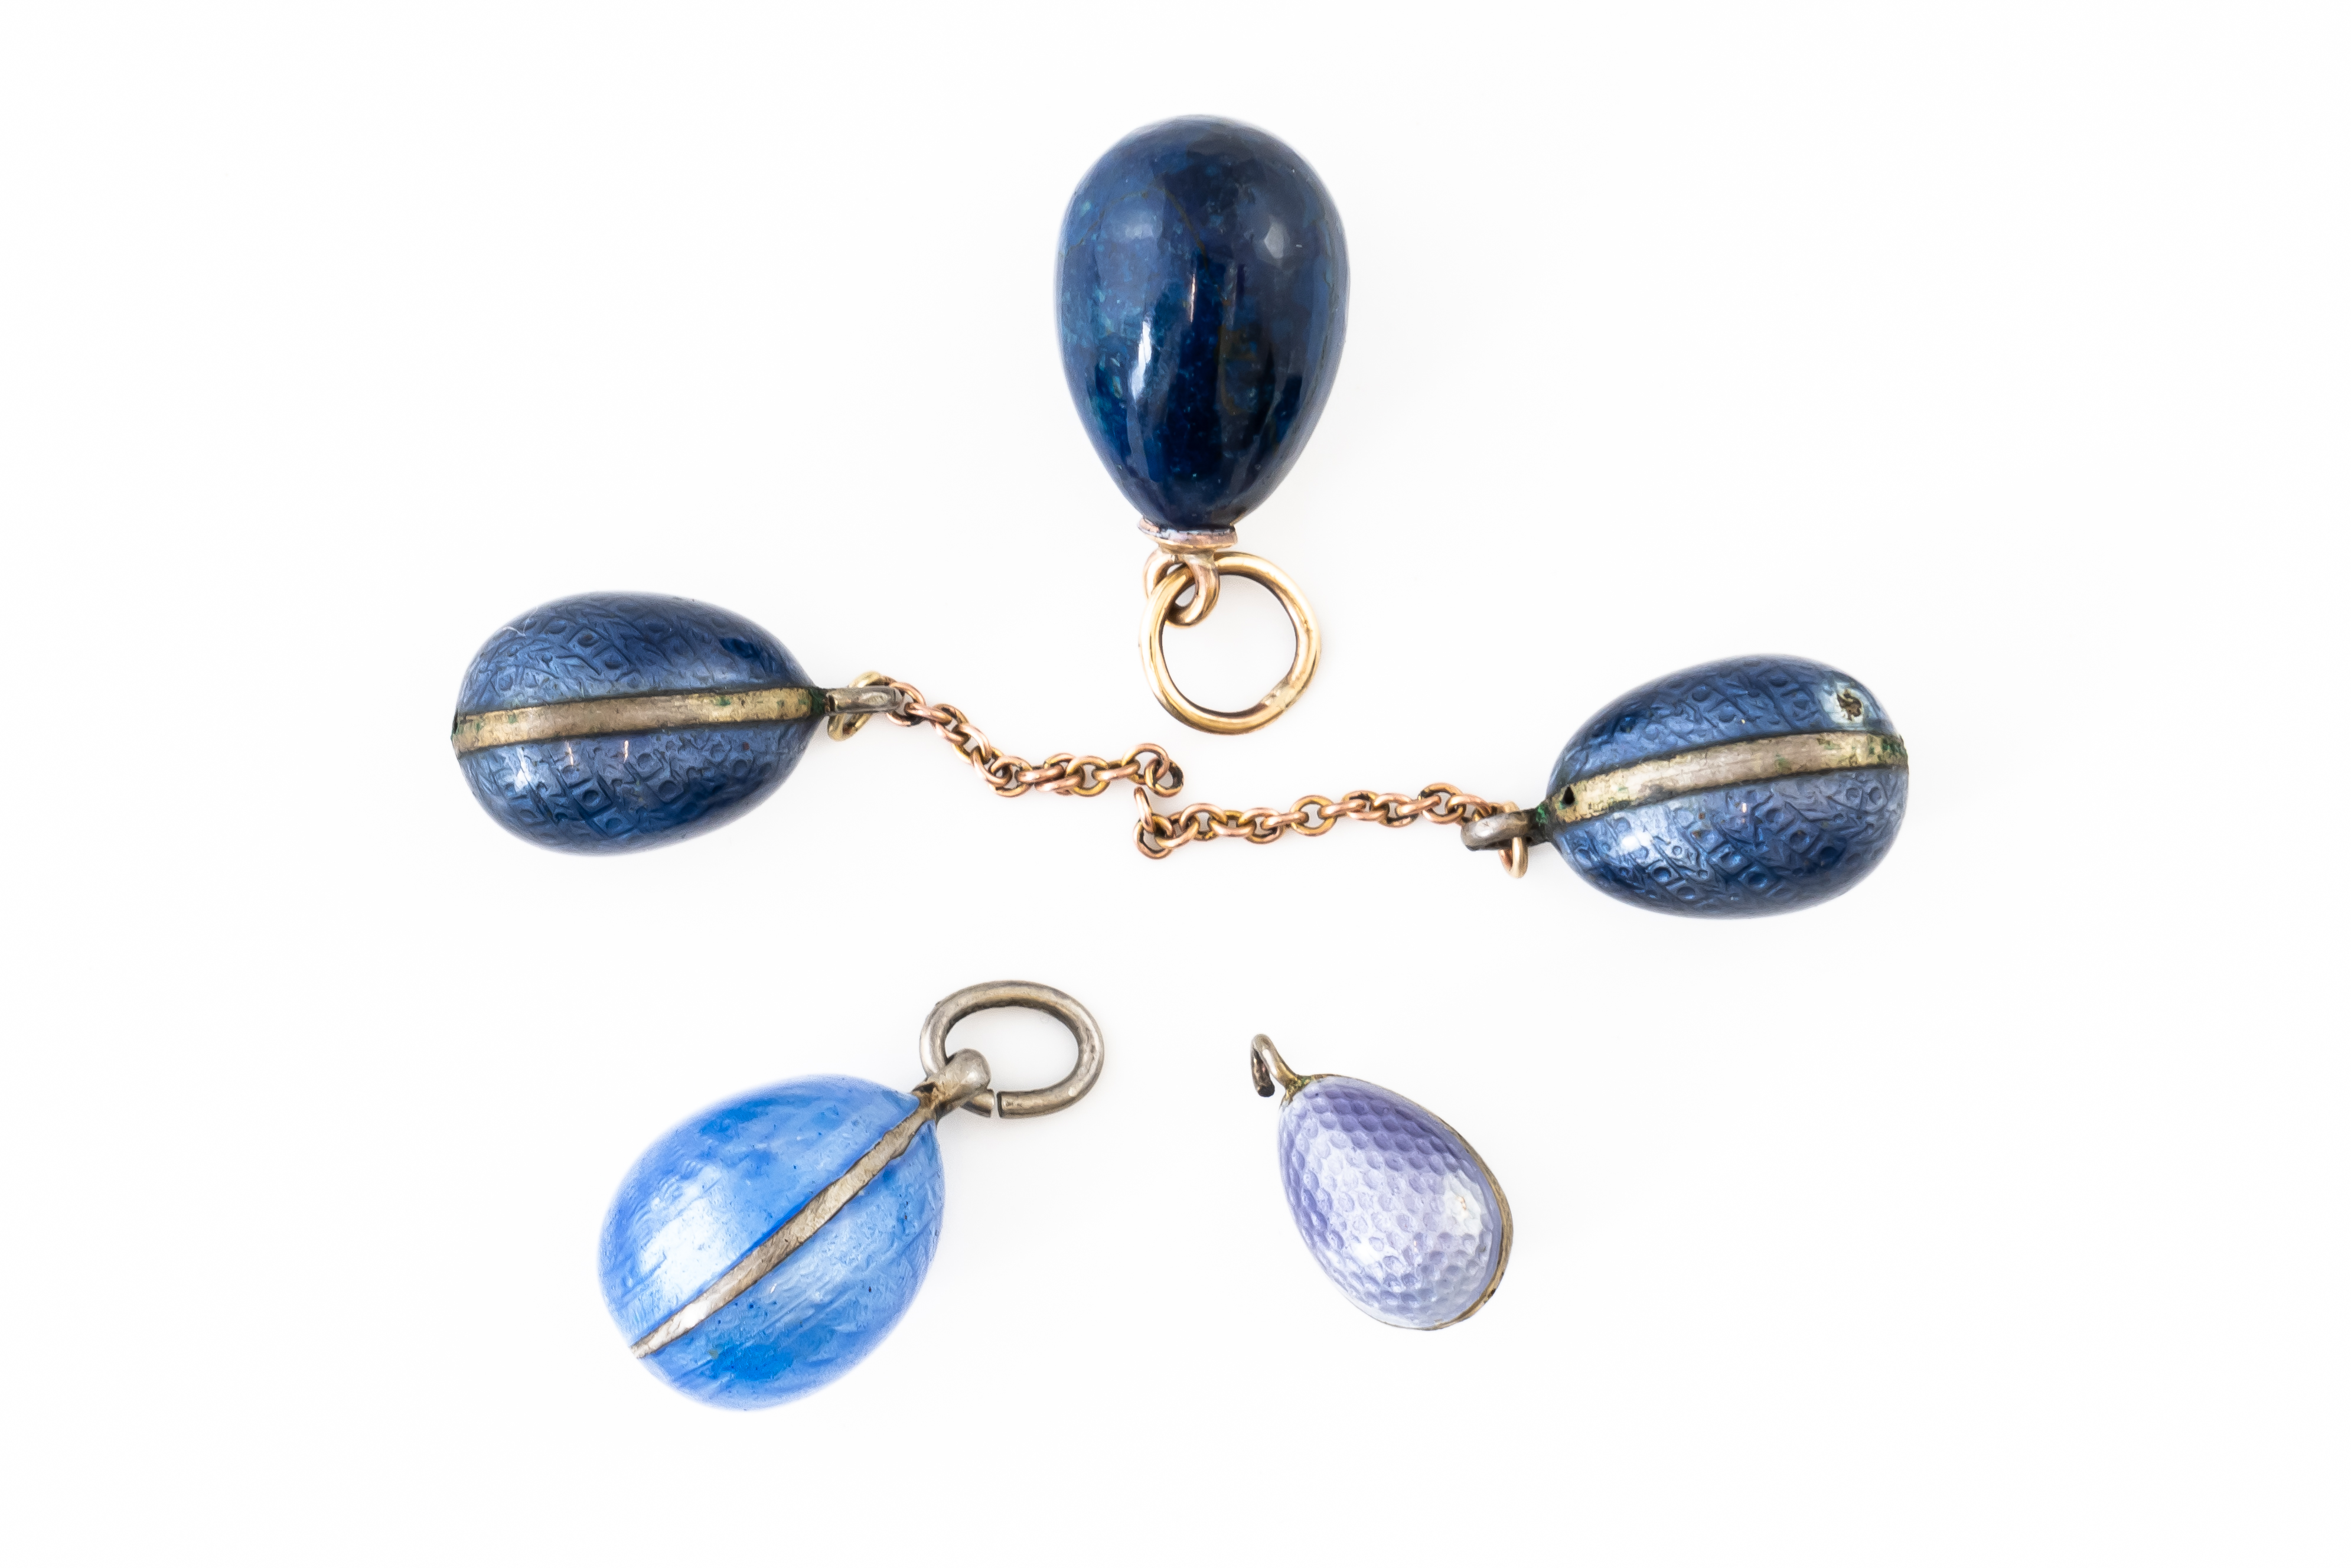 A GROUP OF FIVE BLUE EGG CHARMS (5)
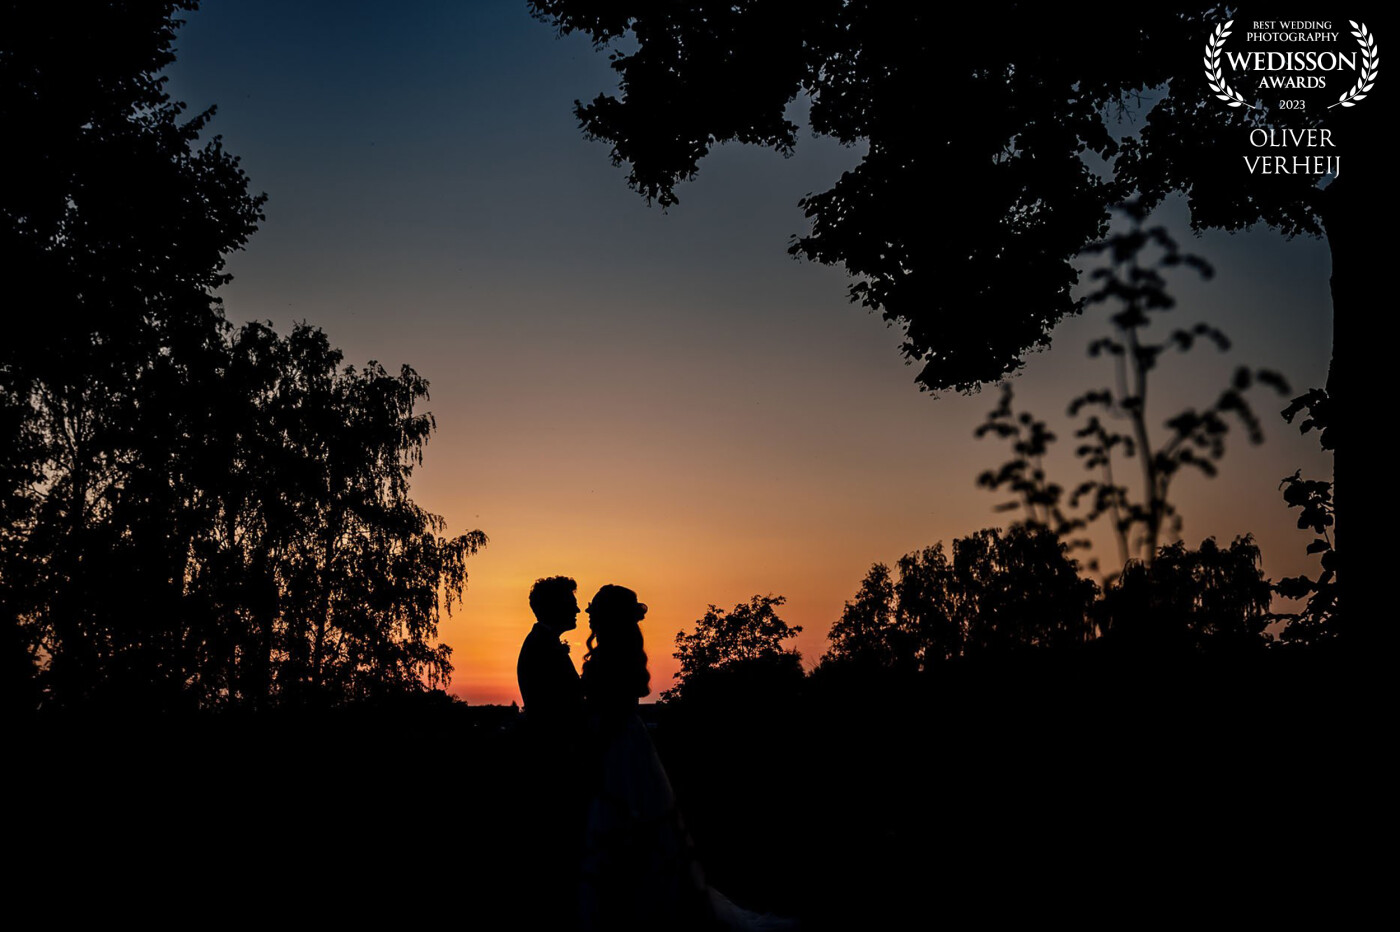 A lovely couple during twilight. I always try to take the bride and groom for a wallk during the golden hour to make a silhouette photo. Not only are the photos fantastic, it's always nice to have an intimite moment together during an otherwise busy day.
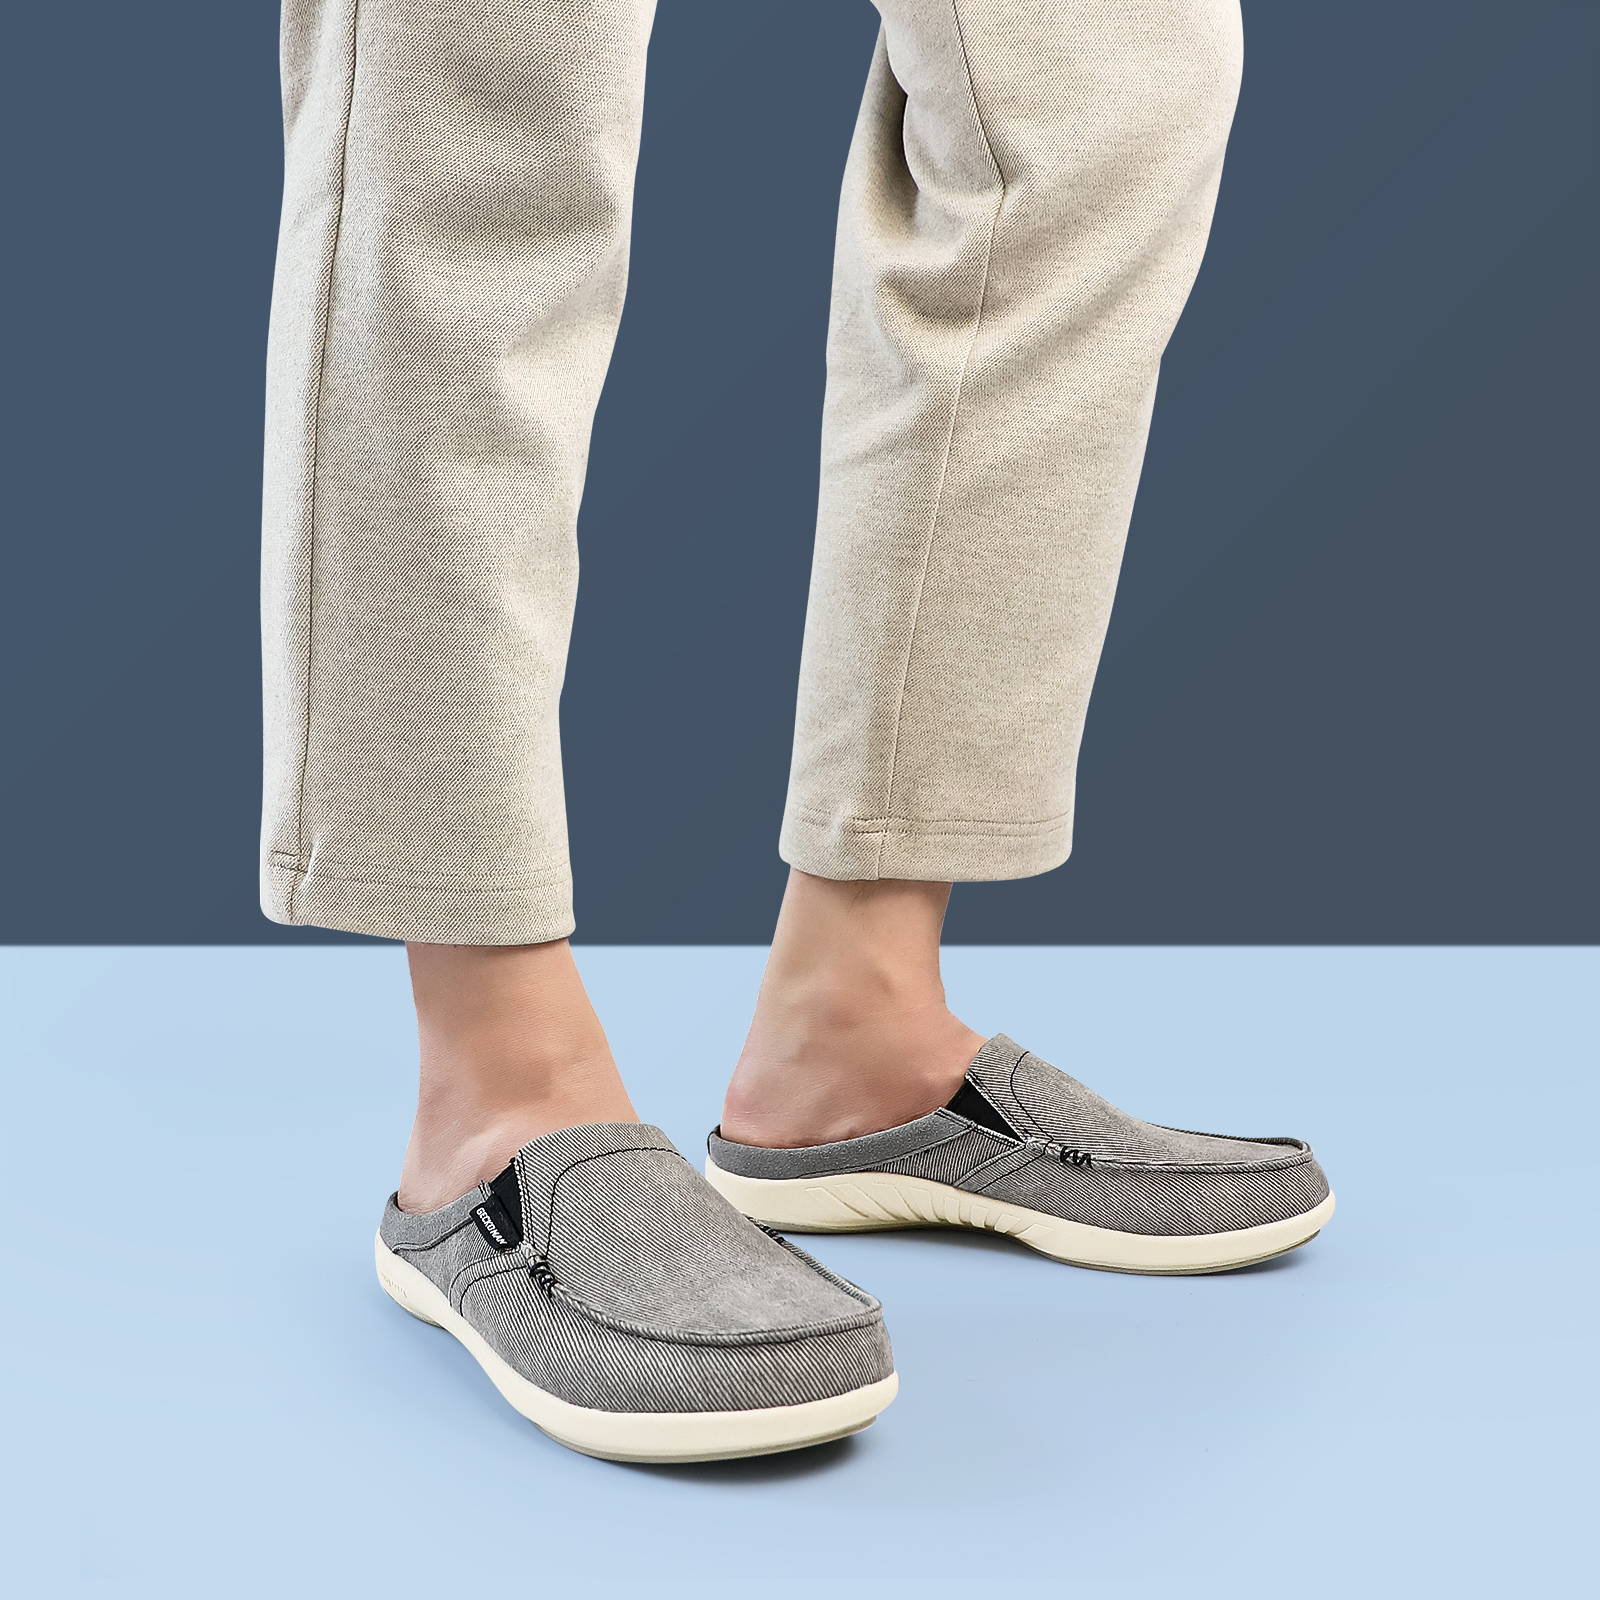 Arch support slippers

:::

What to work on: Reproduce every line of the data above, exactly as it stands, but not the pictures.

Answer to this task:
 A GROUP OF FIVE BLUE EGG CHARMS (5)
 A lovely couple during twilight. I always try to take the bride and groom for a wallk during the golden hour to make a silhouette photo. Not only are the photos fantastic, it's always nice to have an intimite moment together during an otherwise busy day.
 Arch support slippers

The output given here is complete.